- Task brief
Wherever a picture appears in the listing, leave it out, and copy the rest exactly.

[Information shown]

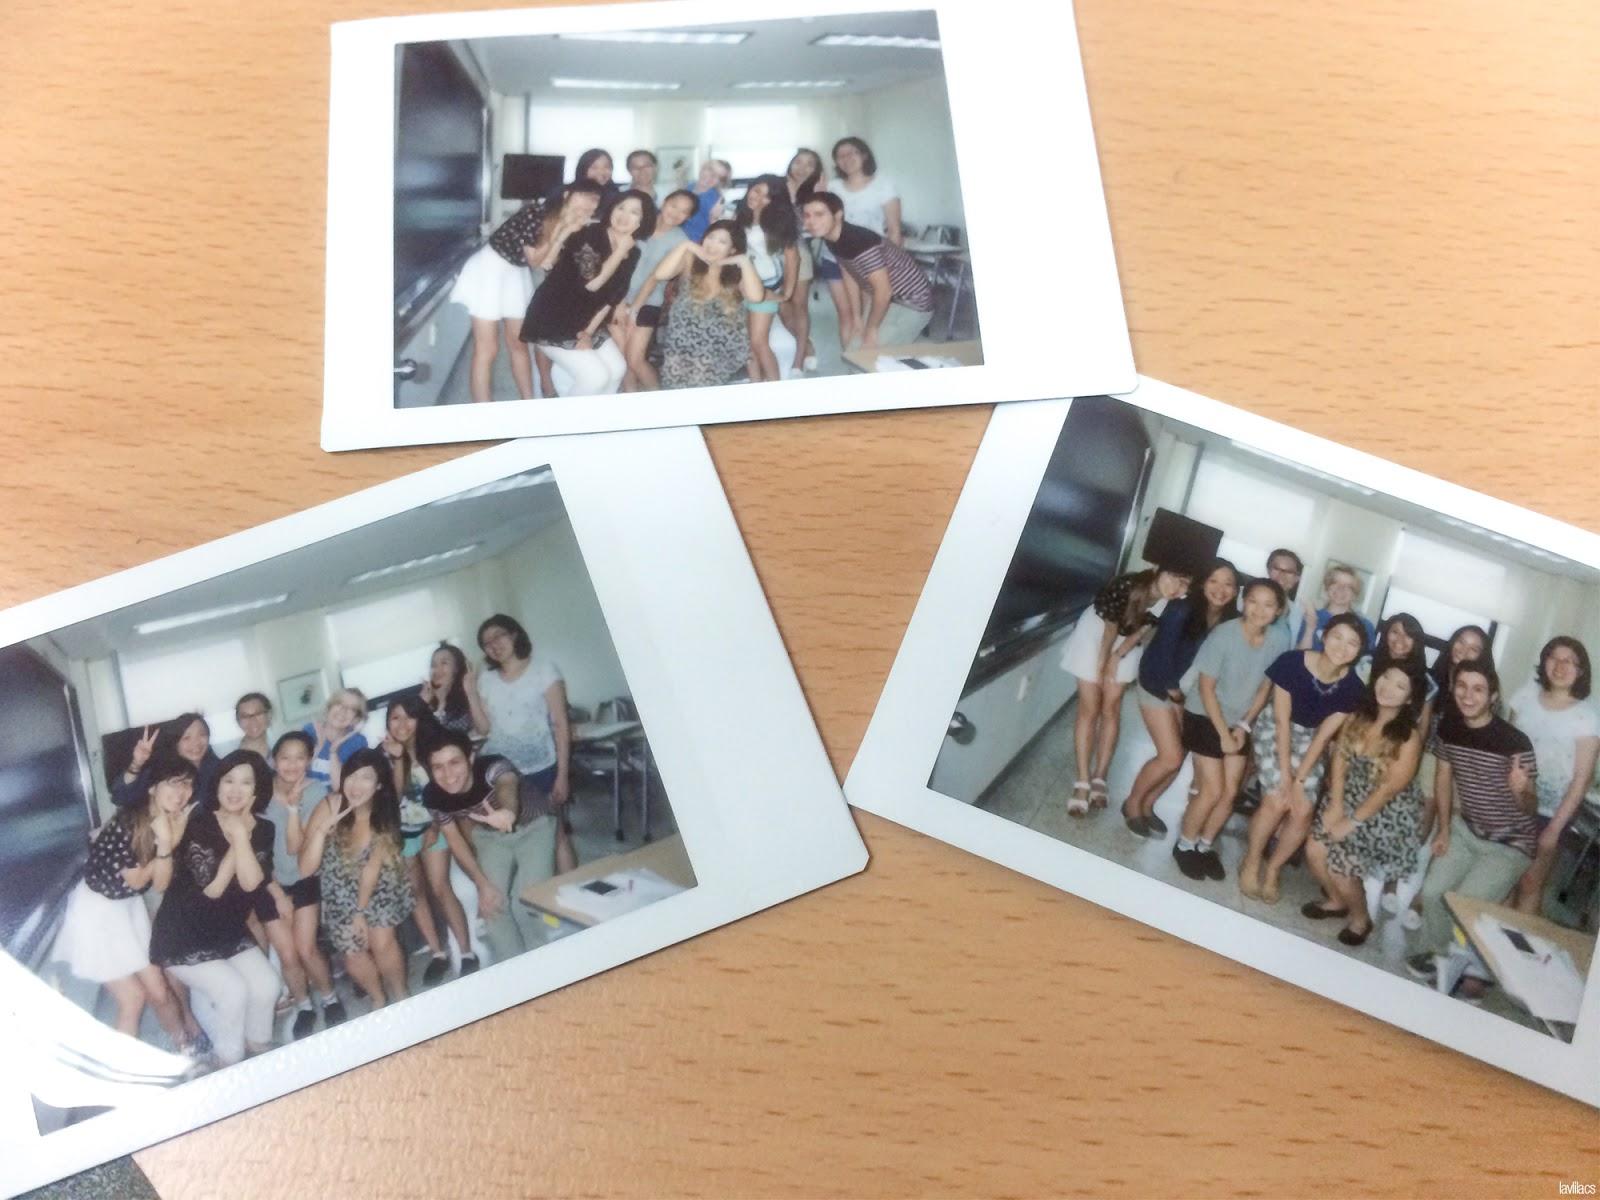 Seoul, Korea - Summer Study Abroad 2014 - Last day of KLI group photo polaroids
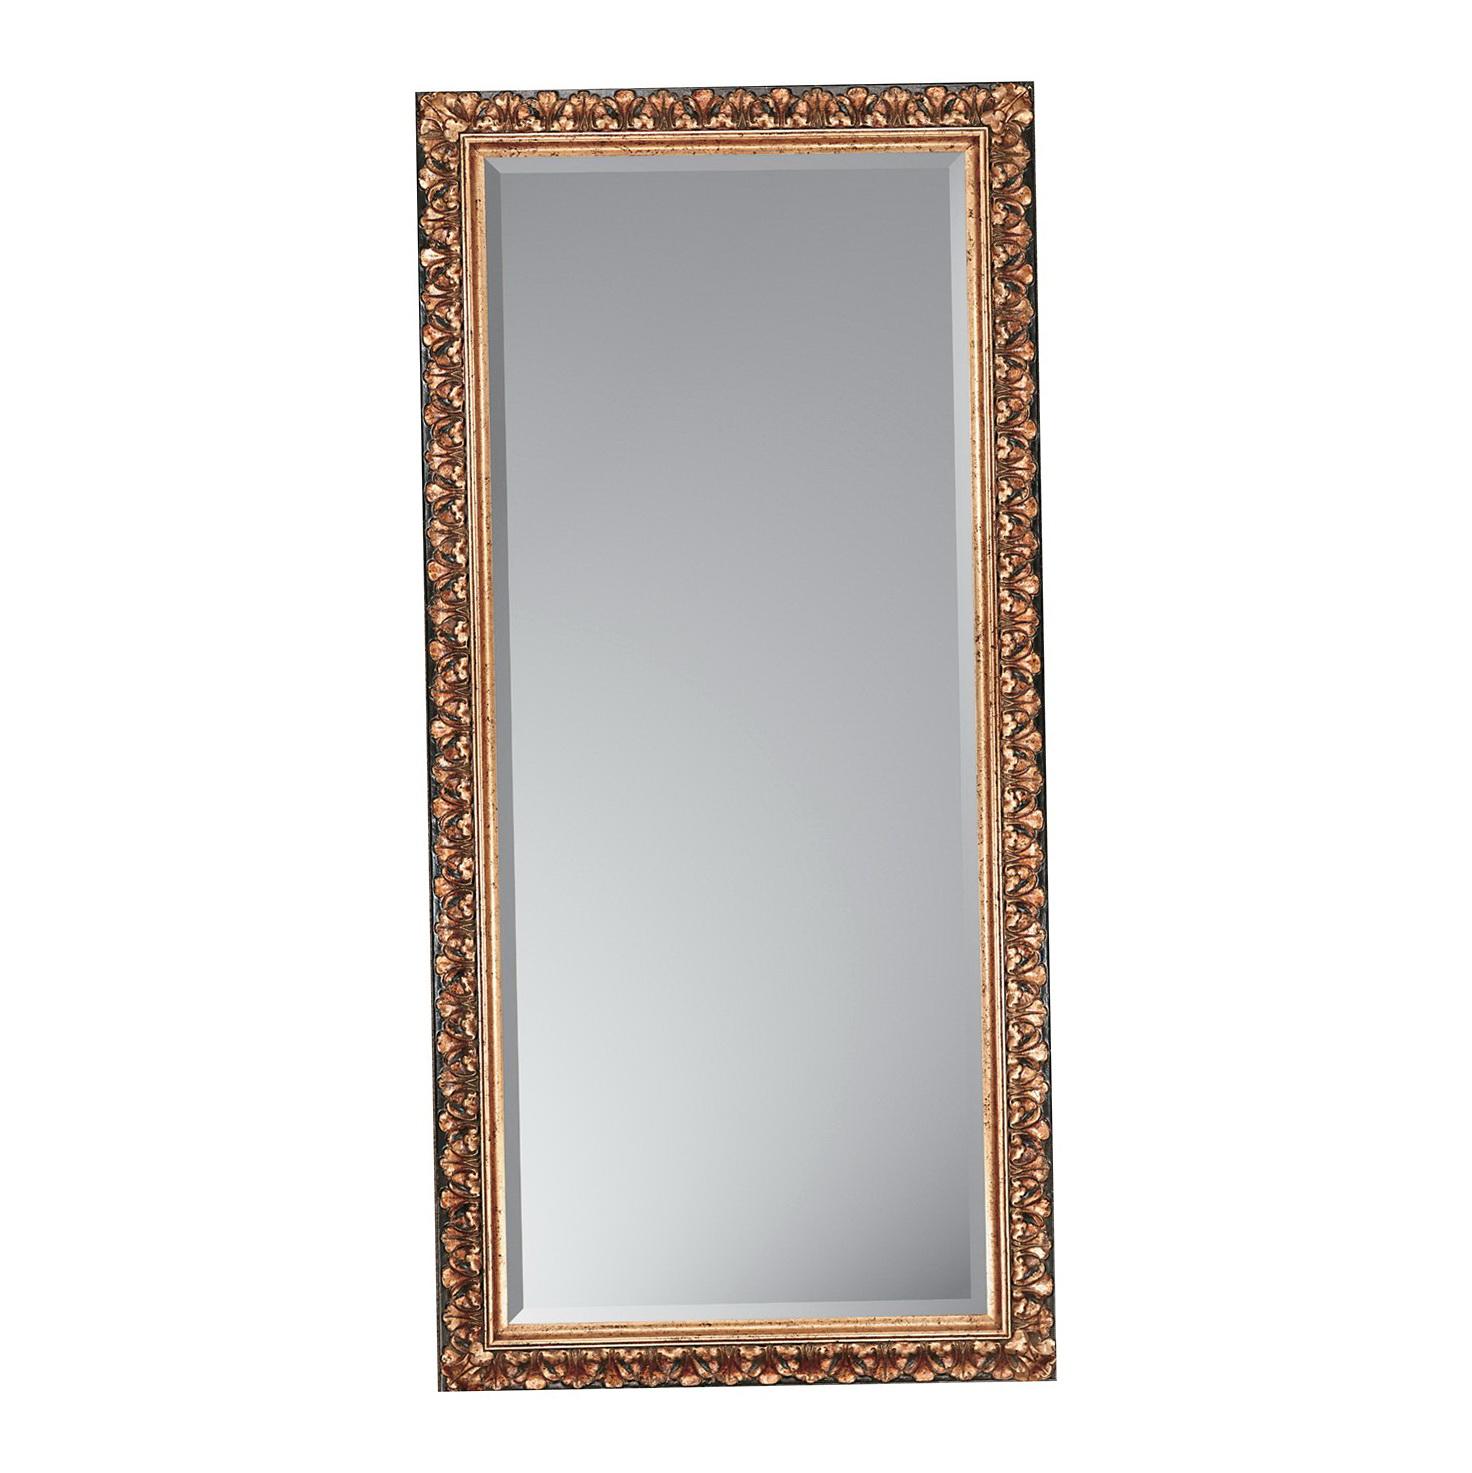 Antique gold floor mirror home design ideas for Gold floor standing mirror
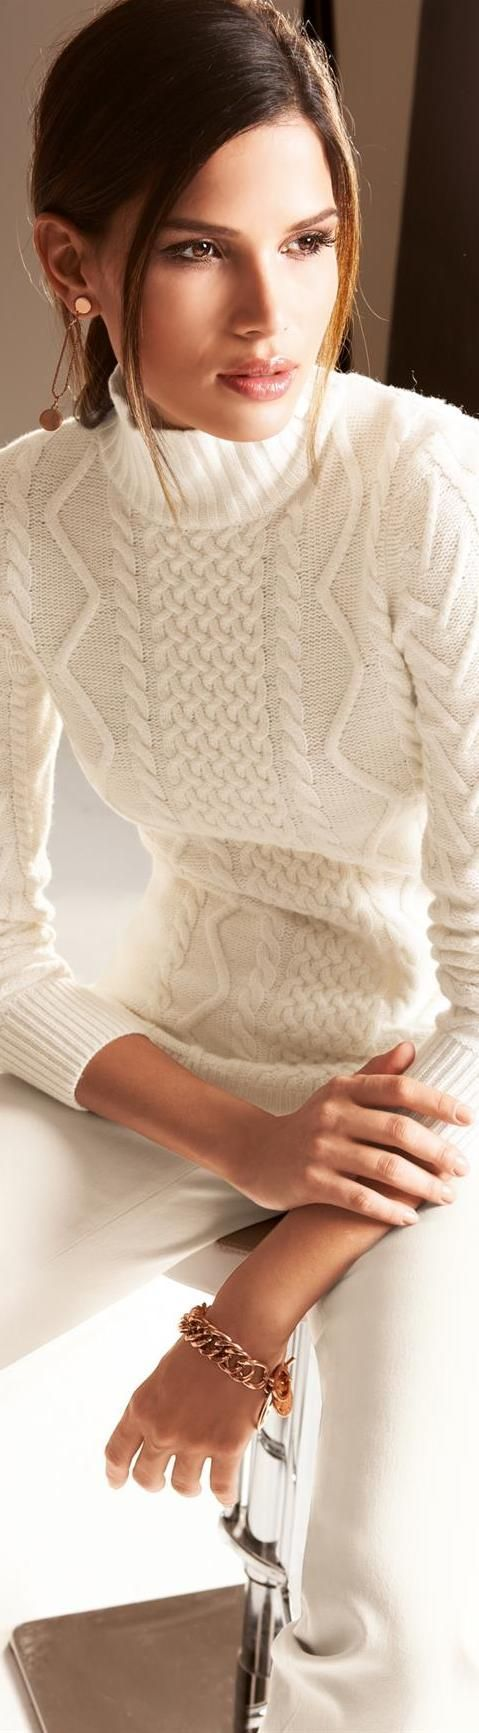 #Trico/Knitting

[/Information shown]

- Answer section
 Seoul, Korea - Summer Study Abroad 2014 - Last day of KLI group photo polaroids
 Antique gold floor mirror home design ideas for Gold floor standing mirror
 #Trico/Knitting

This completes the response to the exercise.